The computer readable program instructions may also be loaded onto a computer, other programmable data processing apparatus, or other device to cause a series of operational steps to be performed on the computer, other programmable apparatus or other device to produce a computer implemented process, such that the instructions which execute on the computer, other programmable apparatus, or other device implement the functions/acts specified in the flowchart and/or block diagram block or blocks.
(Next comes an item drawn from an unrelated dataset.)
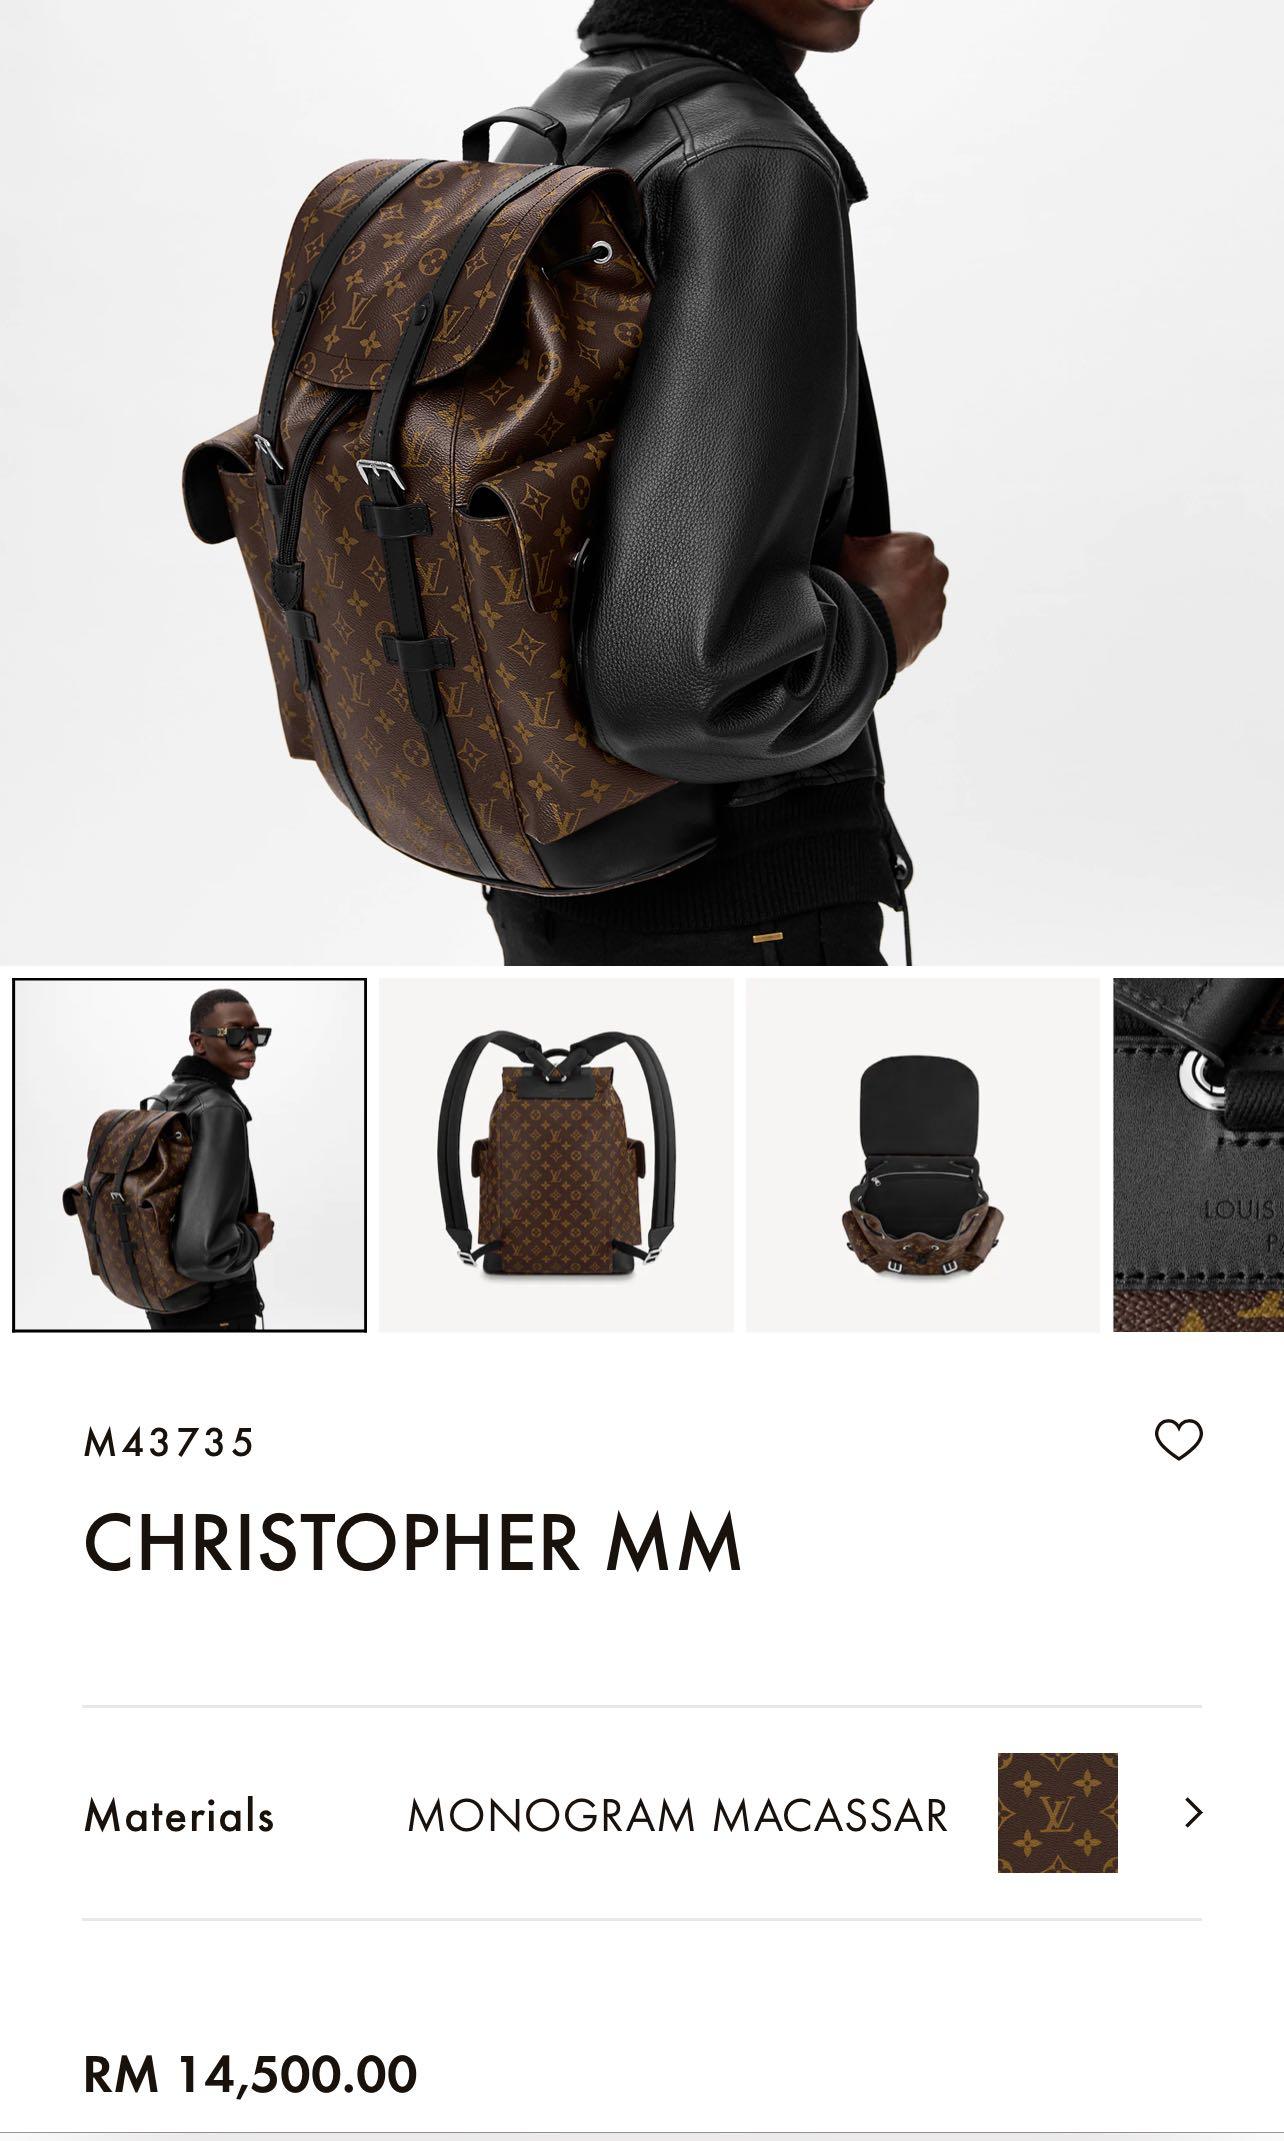 Christopher MM Backpack Monogram Macassar Canvas - Travel M43735

The flowchart and block diagrams in the Figures illustrate the architecture, functionality, and operation of possible implementations of systems, methods, and computer program products according to various embodiments of the present invention. In this regard, each block in the flowchart or block diagrams may represent a module, a segment, or a portion of instructions, which comprises one or more executable instructions for implementing the specified logical function(s). In some alternative implementations, the functions noted in the blocks may occur out of the order noted in the Figures. For example, two blocks shown in succession may, in fact, be executed substantially concurrently, or the blocks may sometimes be executed in the reverse order, depending upon the functionality involved. It will also be noted that each block of the block diagrams and/or flowchart illustration, and combinations of blocks in the block diagrams and/or flowchart illustration, can be implemented by special purpose hardware-based systems that perform the specified functions or acts or carry out combinations of special purpose hardware and computer instructions.
The descriptions of the various embodiments of the present invention have been presented for purposes of illustration but are not intended to be exhaustive or limited to the embodiments disclosed. Many modifications and variations will be apparent to those of ordinary skill in the art without departing from the scope and spirit of the invention. The terminology used herein was chosen to best explain the principles of the embodiment, the practical application or technical improvement over technologies found in the marketplace, or to enable others of ordinary skill in the art to understand the embodiments disclosed herein.
This invention was made with government support under HR0011-20-9-0016 awarded by Defense Advanced Research Projects Agency (DOD/DARPA), and W911NF-13-D-0001 and W911NF-18-2-0048 awarded by U.S. Army Research Office (ARO). The government has certain rights in the invention.